The Statler Brothers singles chronology
| "I'm the Boy" (1969) | "Bed of Rose's" (1970) | "New York City" (1971) |

= Bed of Rose's =

"Bed of Rose's" is a song written by Harold Reid, and recorded by American country music group the Statler Brothers. It was released in October 1970 as the first single and title track from the album Bed of Rose's. The song reached its popularity peak in the winter of 1971, eventually reaching the Top 10 of the Billboard Hot Country Singles chart, peaking at number nine. It also reached #58 on the Billboard Hot 100 and #51 on the Australian Singles Chart (Go-Set). A cover version by Irish singer/songwriter Daniel O'Donnell was also recorded for his 1990 album Daniel O'Donnell - Favourites.

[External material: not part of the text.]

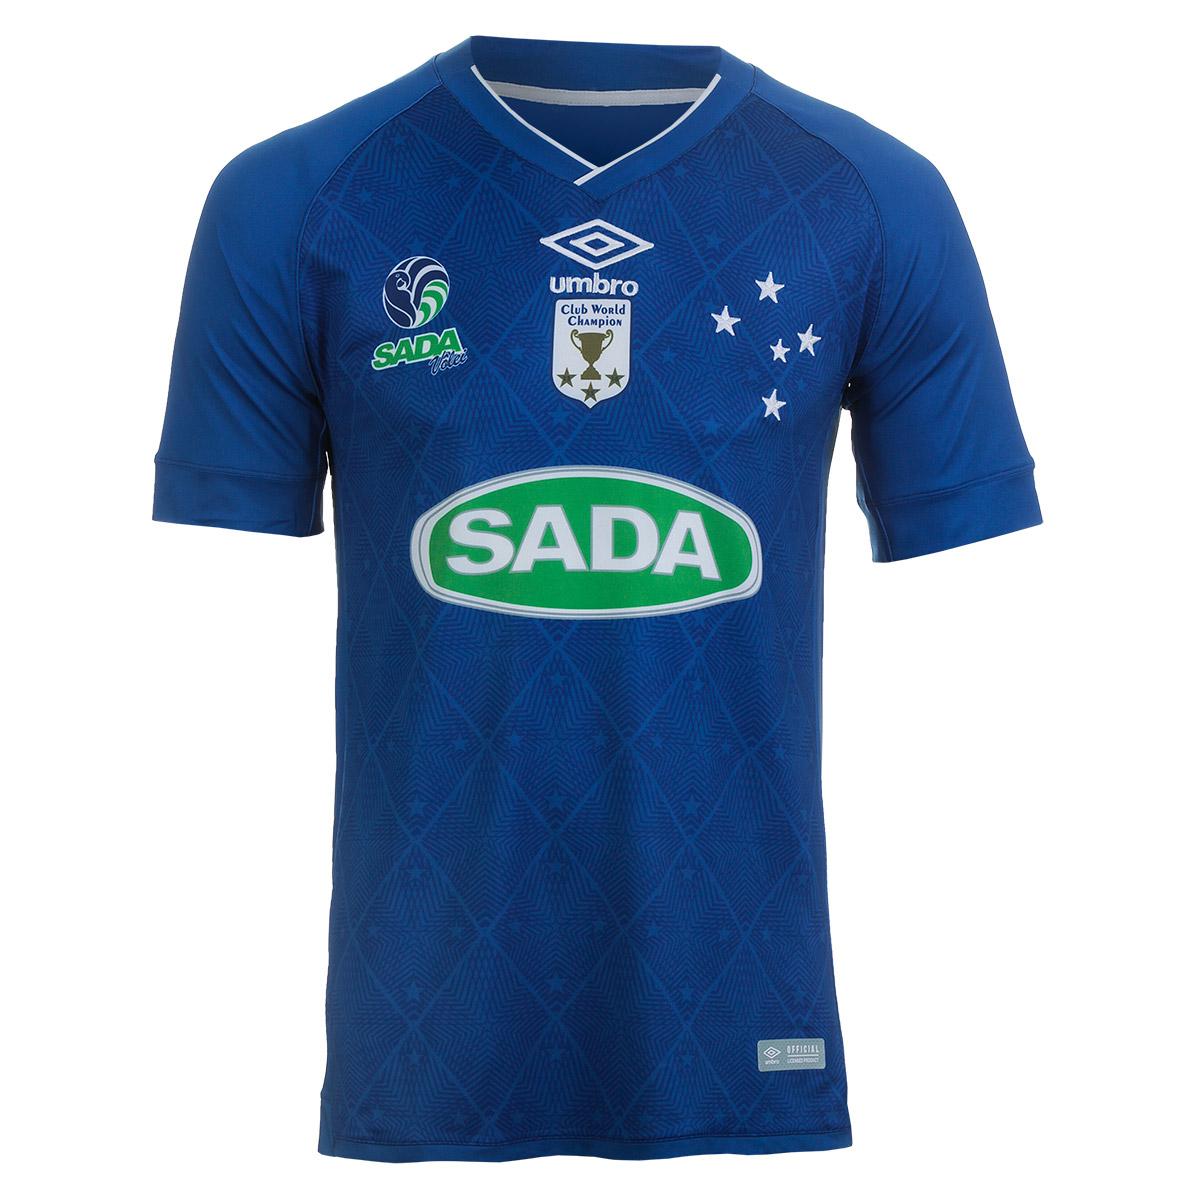 Camiseta Masc. Umbro Cruzeiro Volei Of.3 Casual - Azul Marinho/Branco

Tanya Tucker also recorded a slightly modified version of it, included on her 1974 Columbia album, Would You Lay with Me (In a Field of Stone), and again for The Best Of Tanya Tucker, released in 1982 under MCA records.

==Content==
The title of "Bed of Rose's" is, like some of the other Statler Brothers' works, a play on words - in this case on the common English idiom "bed of roses", which means an easy and pleasant life. The song is both a challenge of narrow-minded religion and moralism, and a gentle celebration of love.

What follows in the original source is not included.